Двадцать шестого августа она проснулась рано, словно разбуженная внезапным и болезненным тычком — рядом беззвучно, как ребенок, спал Чалдонов, и лицо у него было такое обиженное и родное, что у Маруси от нежности и любви сжалось и вперебой застучало сердце. За окном стояло влажное предрассветное молоко, было так невероятно тихо, как бывает только утром и только за городом, так что Маруся без малейшего труда услышала, как по крыльцу звонко затопали маленькие босые пятки. Пять лет, как нету Славика, вспомнила она. Пять лет. Уже бы в школу пошел.
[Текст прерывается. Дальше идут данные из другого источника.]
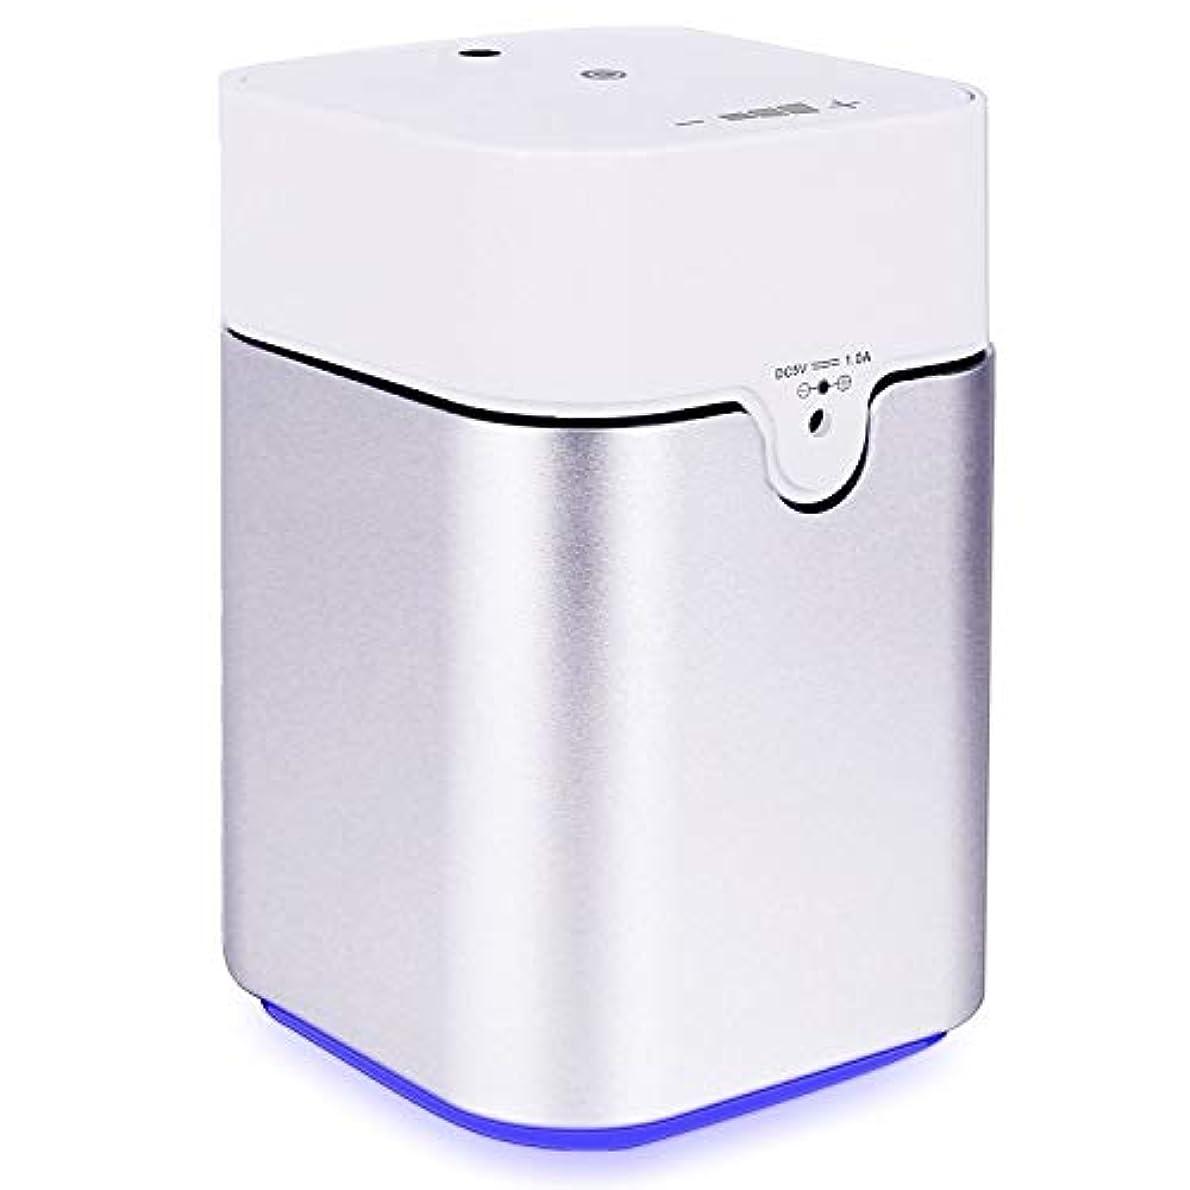 消化科学者変色するENERG e's Pure アロマディフューザー ヨガ室 整体院人気 タイマー機能 ネブライザー式 量調整可能 精油瓶3個付き T11-ENS082

Дробный детский топоток затих, будто кто-то там, снаружи, стоял у двери, не решаясь постучаться.
«Иди, милый, я скоро», — мысленно пообещала Маруся, и ножки послушались, ушли, и тотчас напористо заголосили разом проснувшиеся птицы, завозился в своей одеяльной одури Чалдонов, и день, набирая скорость, обороты, гул, покатил раз и навсегда положенным славным маршрутом — завтрак, молоко, возня с упругим охающим тестом, кладбище, сад, чашка крепкого чая, словно сама собой возникшая у локтя склонившегося над рукописью мужа. Спасибо, милая, что ты — я бы прекрасно сам. Маруся прижалась нежным ртом к его старой, совсем оплешивевшей макушке. Стыдно, столько горя кругом, всю жизнь, а я всю жизнь счастлива. Спасибо, Господи. За эту чашу, за мужа, за то, что не оставил, держал столько лет, как наседка, под своим невыносимым крылом.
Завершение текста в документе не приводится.